### Assignment
Look through the data for the string "Уравнения". Copy every line where it is found.

#####

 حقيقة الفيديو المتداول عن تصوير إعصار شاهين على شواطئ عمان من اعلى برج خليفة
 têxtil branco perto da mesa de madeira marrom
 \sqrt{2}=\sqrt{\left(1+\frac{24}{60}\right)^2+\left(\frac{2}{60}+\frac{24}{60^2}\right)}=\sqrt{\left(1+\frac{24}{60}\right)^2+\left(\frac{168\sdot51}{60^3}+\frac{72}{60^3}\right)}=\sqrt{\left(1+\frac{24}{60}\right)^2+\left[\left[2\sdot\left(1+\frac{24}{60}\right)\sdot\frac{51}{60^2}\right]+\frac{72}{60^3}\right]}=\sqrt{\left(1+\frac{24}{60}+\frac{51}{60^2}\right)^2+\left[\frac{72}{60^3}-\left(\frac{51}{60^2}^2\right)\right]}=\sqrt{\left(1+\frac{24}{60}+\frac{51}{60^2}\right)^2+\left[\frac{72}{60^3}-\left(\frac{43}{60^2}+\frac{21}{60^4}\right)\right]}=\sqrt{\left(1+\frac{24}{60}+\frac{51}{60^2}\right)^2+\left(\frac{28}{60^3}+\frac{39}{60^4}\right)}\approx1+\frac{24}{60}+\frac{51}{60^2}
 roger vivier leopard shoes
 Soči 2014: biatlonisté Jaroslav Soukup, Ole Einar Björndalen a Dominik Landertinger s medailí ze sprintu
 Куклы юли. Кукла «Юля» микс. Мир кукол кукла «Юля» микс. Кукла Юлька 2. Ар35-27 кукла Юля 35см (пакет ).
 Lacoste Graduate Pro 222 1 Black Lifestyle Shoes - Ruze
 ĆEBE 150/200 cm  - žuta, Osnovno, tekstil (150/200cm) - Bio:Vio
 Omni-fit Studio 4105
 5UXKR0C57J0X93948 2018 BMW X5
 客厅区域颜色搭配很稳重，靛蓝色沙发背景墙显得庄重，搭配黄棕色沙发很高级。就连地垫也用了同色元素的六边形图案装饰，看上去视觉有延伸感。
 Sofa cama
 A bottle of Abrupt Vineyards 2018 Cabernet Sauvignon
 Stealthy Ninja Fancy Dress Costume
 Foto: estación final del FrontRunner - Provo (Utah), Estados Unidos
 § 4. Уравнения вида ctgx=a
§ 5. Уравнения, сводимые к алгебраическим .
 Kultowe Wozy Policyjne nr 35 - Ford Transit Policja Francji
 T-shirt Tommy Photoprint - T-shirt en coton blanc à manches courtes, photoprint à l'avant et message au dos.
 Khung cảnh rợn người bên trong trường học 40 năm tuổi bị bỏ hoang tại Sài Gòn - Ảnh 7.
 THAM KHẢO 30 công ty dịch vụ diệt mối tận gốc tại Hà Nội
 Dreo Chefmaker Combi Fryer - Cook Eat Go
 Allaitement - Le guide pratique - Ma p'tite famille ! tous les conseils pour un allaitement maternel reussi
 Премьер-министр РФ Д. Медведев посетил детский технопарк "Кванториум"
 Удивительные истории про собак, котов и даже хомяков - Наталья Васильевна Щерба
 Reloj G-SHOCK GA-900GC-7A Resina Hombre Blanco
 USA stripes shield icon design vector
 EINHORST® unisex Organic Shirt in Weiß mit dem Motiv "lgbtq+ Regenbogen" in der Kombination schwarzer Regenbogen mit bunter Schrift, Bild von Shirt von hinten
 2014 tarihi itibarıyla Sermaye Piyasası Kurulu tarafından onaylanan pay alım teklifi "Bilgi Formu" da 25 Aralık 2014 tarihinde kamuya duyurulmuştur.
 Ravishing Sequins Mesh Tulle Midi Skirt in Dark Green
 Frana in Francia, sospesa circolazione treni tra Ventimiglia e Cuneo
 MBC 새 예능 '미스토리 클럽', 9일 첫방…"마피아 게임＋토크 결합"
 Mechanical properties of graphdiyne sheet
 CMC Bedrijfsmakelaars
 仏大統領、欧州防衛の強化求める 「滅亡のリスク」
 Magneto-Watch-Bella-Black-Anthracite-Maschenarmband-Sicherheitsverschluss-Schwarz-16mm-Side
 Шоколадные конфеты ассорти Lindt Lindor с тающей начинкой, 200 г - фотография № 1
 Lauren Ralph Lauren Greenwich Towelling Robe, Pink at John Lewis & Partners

#####

### Written solution
 § 4. Уравнения вида ctgx=a
§ 5. Уравнения, сводимые к алгебраическим .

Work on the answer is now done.